FHA Mortgages

Do You Have An FHA Adjustable Fee Mortgage?

do-you-have-an-fha-adjustable-fee-mortgage

Do you have an FHA adjustable rate mortgage also known as an FHA ARM loan? Has your introductory price expired soon? It can be a very good idea to look into your refinancing options to avoid the higher interest rates.

Adjustable rate home loan borrowers rightly get a little nervous when the end of their introductory interest rate, also known as the “teaser rate” period, approaches and the first rate adjustment on the ARM loan comes due.

Borrowers can negotiate an introductory rate with the lender that lasts as little as a year and up to ten years, but at some point that initial rate ends and the first adjustment is due.

If you have an FHA ARM loan, you may be eligible for a Streamline Refinance Qualifying Loan or a Streamline Non-Qualifying FHA Streamline Refi. In many cases, FHA streamline loans are available to the borrower without the FHA credit check and in other situations the credit check may be required. In both cases, the FHA loan rules apply.

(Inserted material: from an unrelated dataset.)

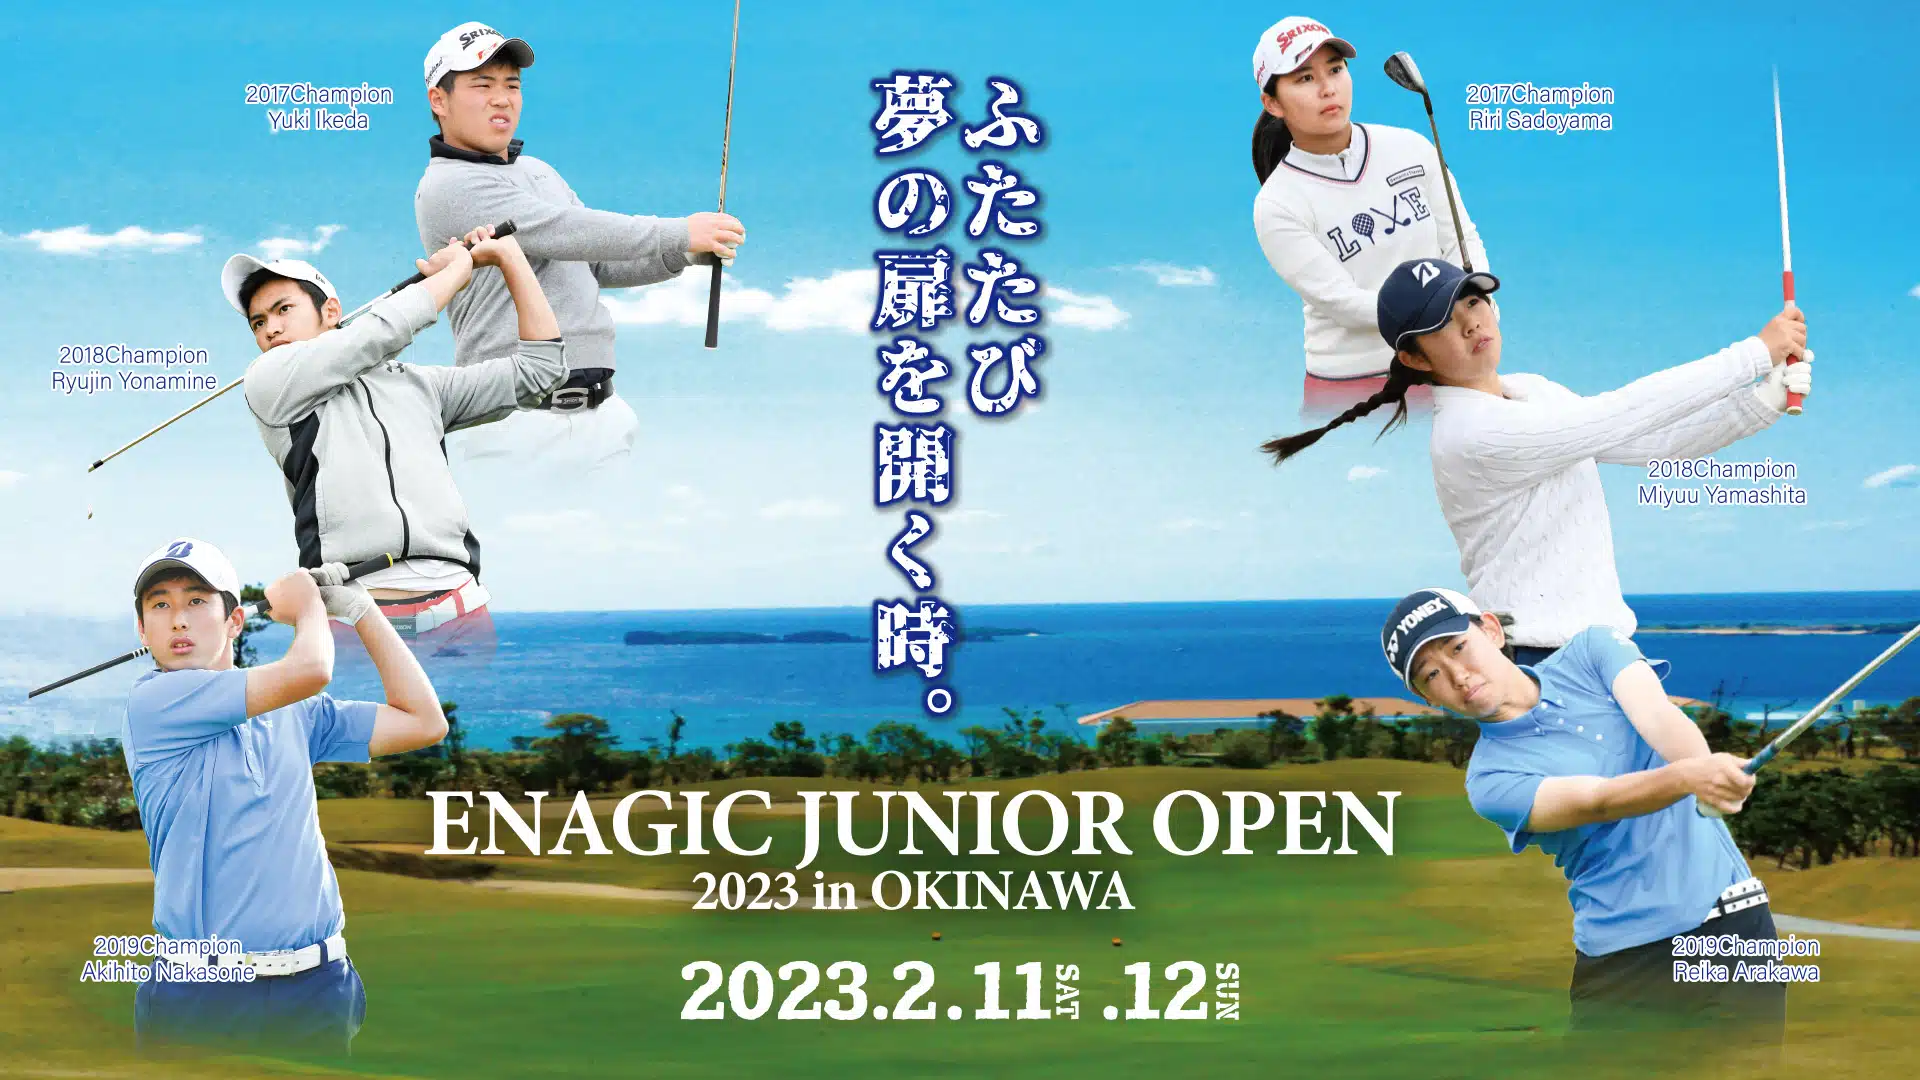 2023 Enagic Junior Open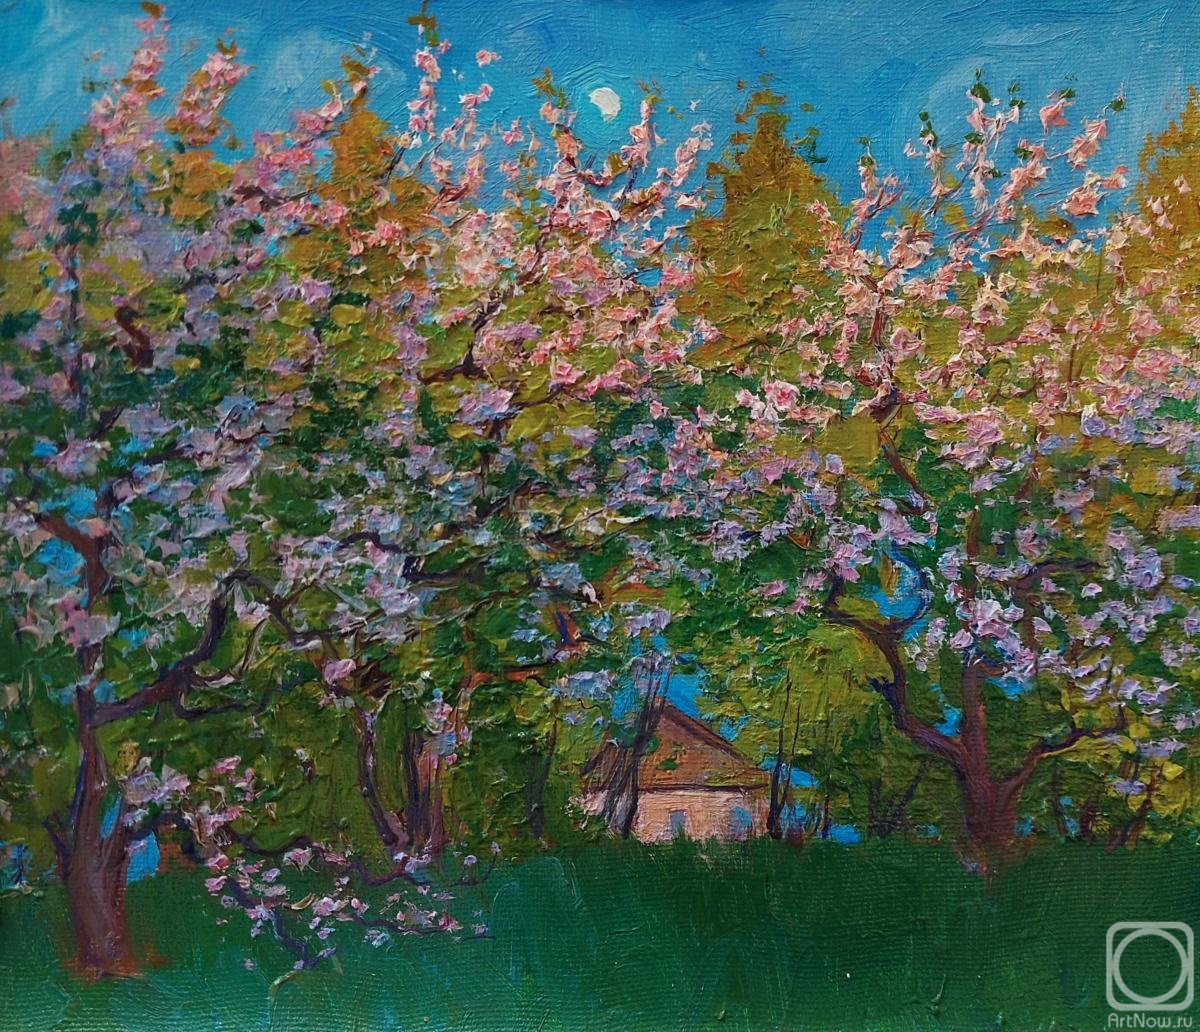 Melnikov Aleksandr. Evening in the blooming garden

Non-Credit Qualifying FHA Refinance Loan Optimization

HUD 4000.1 instructs the lender: “The borrower must have made all mortgage payments for all mortgages on the property in question within the month due for the six months prior to the assignment of the case number and no more than a 30-day delay in payment in the last six months have months for all real estate mortgages. ”

In addition, the borrower is required to make payments for “all mortgages secured by the property in question within the month due for the month prior to the mortgage payment. “

Refinance Loan Qualifying FHA Optimization

The FHA loan rules in HUD 4000.1 state: “For all mortgages on any property with a mortgage payment history of less than six months, the borrower must have made all payments within the month due.

For all mortgages on all properties with a mortgage payment history of more than six months, the borrower must have made all mortgage payments within the month due for the six months prior to the assignment of the case number and no more than a 30-day late payment for the past six months. “

In addition, the borrower must have made payments “for all mortgages secured by the property within the month due for the month prior to the mortgage disbursement”.

Ask a loan officer how an FHA streamline refinance can help in cases where the borrower needs to avoid the new interest rate adjustment or refinance to a fixed-rate mortgage shortly afterwards. You will be glad you did, even if you decide to wait to refinance the loan.